A new technique for the study of the impact of arterial elasticity on left ventricular mass in rats. Amin, Fatiha, Nathalie Niederhoffer, Rabelais Tatchum-Talom, Touria Makki, Joel Guillou, Pierre Tankosic, and Jeffrey Atkinson. Laboratoire de Pharmacologie Cardio-vasculaire, Facult de Pharmacie, UHP Nancy 1, 5 rue Albert Lebrun, 54000 Nancy, Laboratoires Thraplix, 46-52 rue Albert, 75640 Paris CEDEX 13, and INSERM U308, 38 rue Lionnois, 54000 Nancy, France
APStracts 2:0388H, 1995.
We investigated possible links between left ventricular mass and central arterial elasticity in the adult spontaneously hypertensive rat (SHR) and in a subgroup of SHR in which blood pressure was normalized by chronic antihypertensive drug treatment; results were compared to those of age-matched normotensive WKY rats. Two indices of arterial elasticity, based on the measurement of aortic pressure pulse wave velocity, were used. Firstly the slope relating carotidofemoral pulse wave velocity to blood pressure in the phenylephrine-infused pithed preparation was used as a pressure -independent index of wall elasticity. Secondly, in order to account for hypertension- and treatment-induced aortic remodeling, elastic modulus was determined from the pulse wave velocity recorded when blood pressure reached that measured in awake animals prior to anesthesia and pithing, together with values for wall thickness and lumen diameter evaluated by histomorphometric analysis following in situ fixation at the same pressure.
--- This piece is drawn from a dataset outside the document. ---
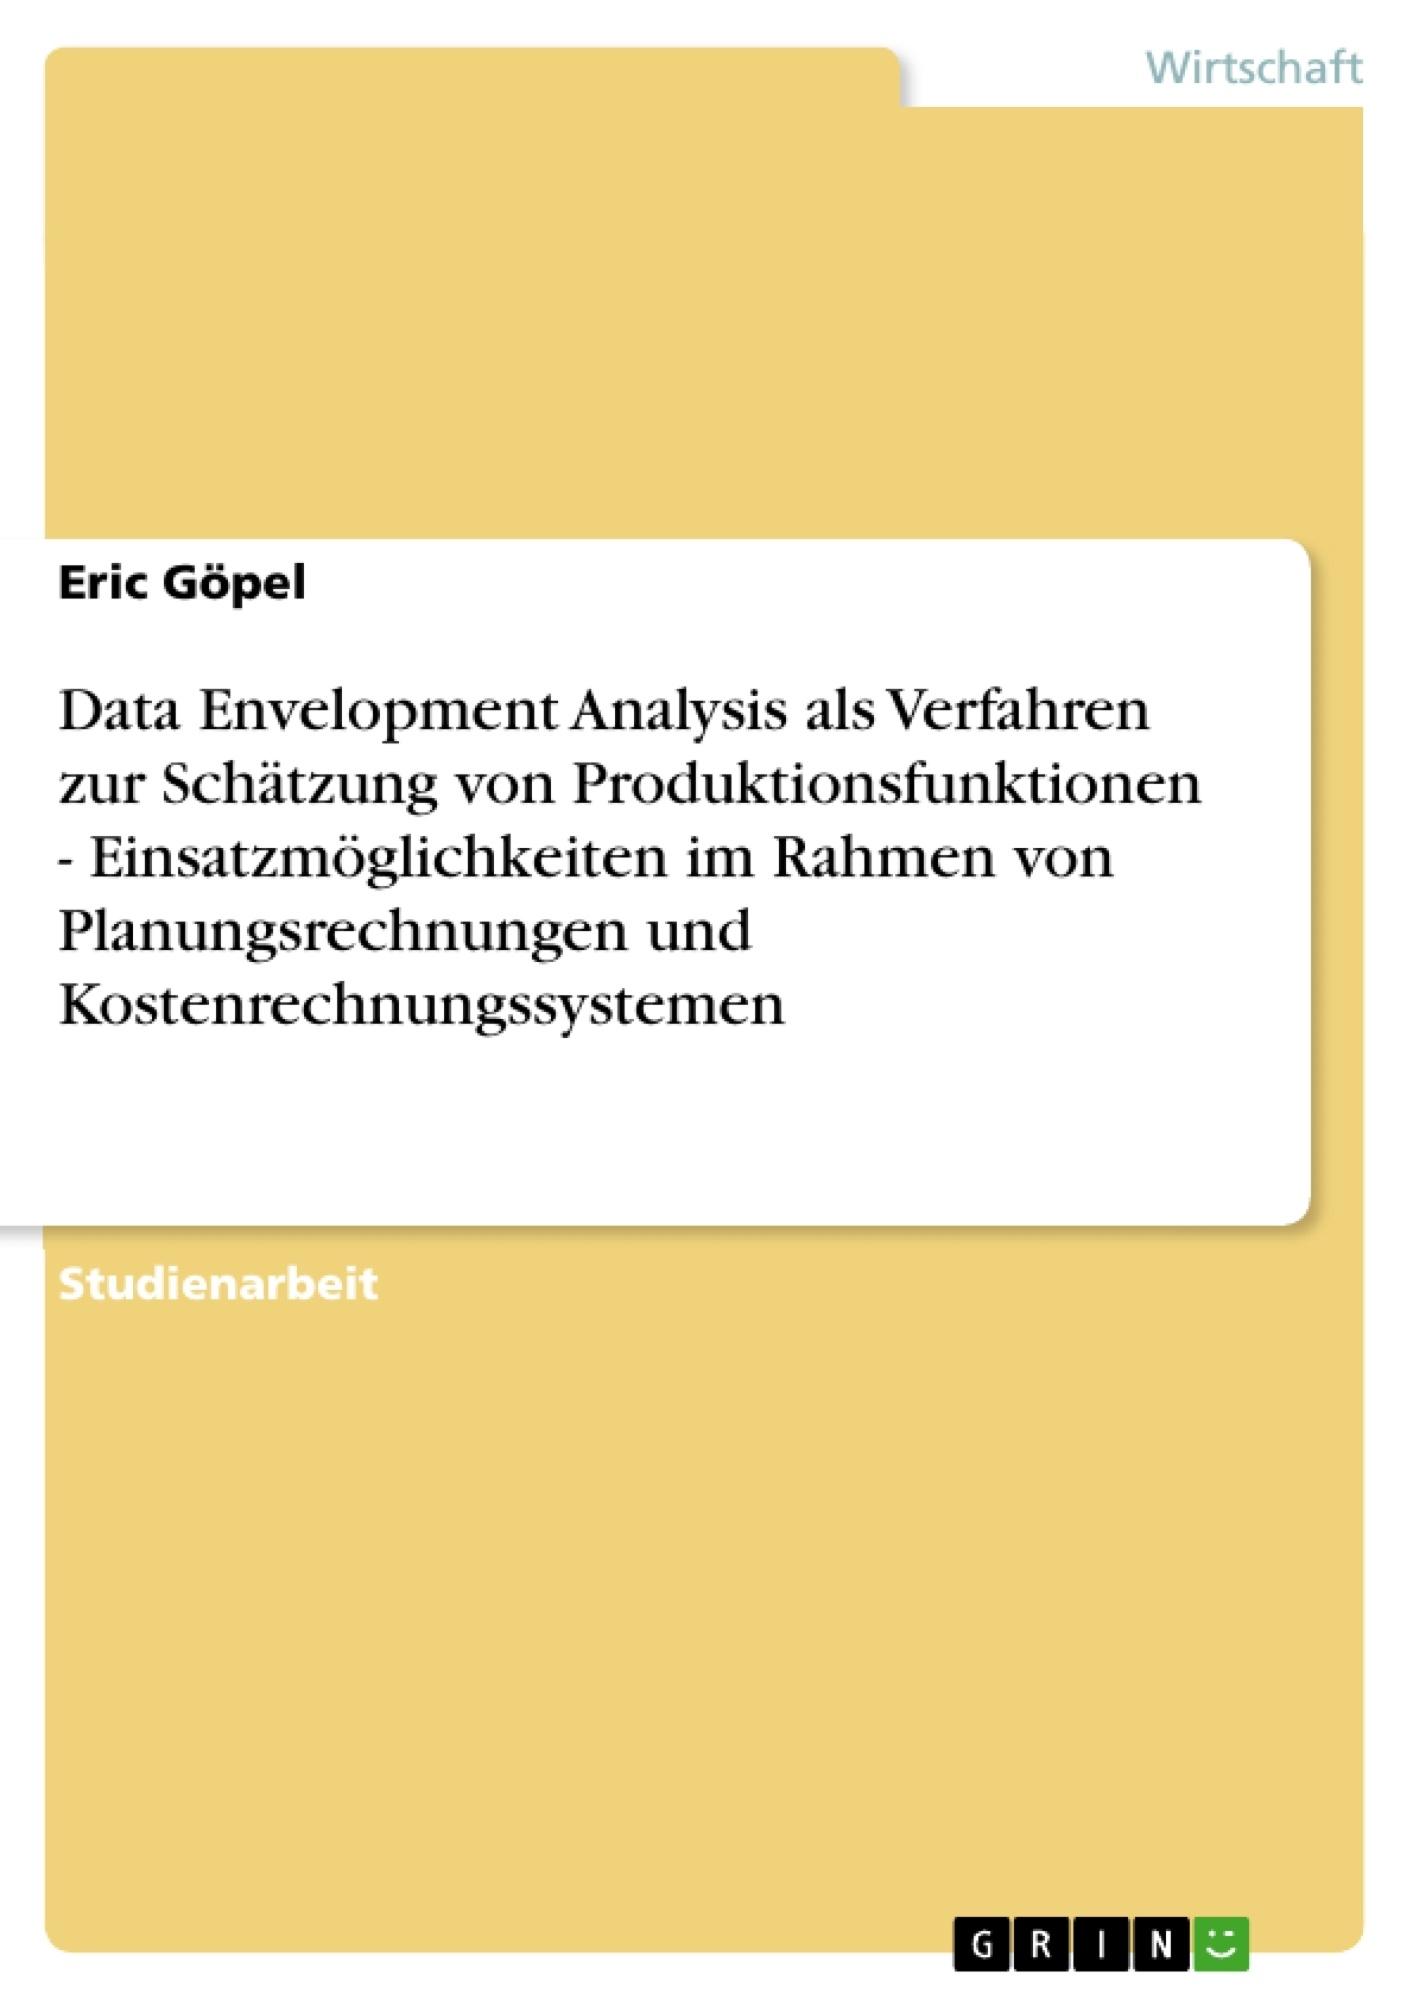 Titel: Data Envelopment Analysis als Verfahren zur Schätzung von Produktionsfunktionen - Einsatzmöglichkeiten im Rahmen von Planungsrechnungen und Kostenrechnungssystemen

In control SHR regression ANOVA revealed significant correlations between left ventricular mass and both wave velocity / pressure slope and elastic modulus. Chronic antihypertensive treatment normalized all three parameters. In conclusion, this new technique provides experimental evidence of a link between left ventricular mass and central arterial elasticity.

Received 5 June 1995; accepted in final form 23 August 1995.
APS Manuscript Number H511-5.
Article publication pending Am. J. Physiol. (Heart Circ. Physiology).
ISSN 1080-4757 Copyright 1995 The American Physiological Society.
Published in APStracts on 23 September 1995.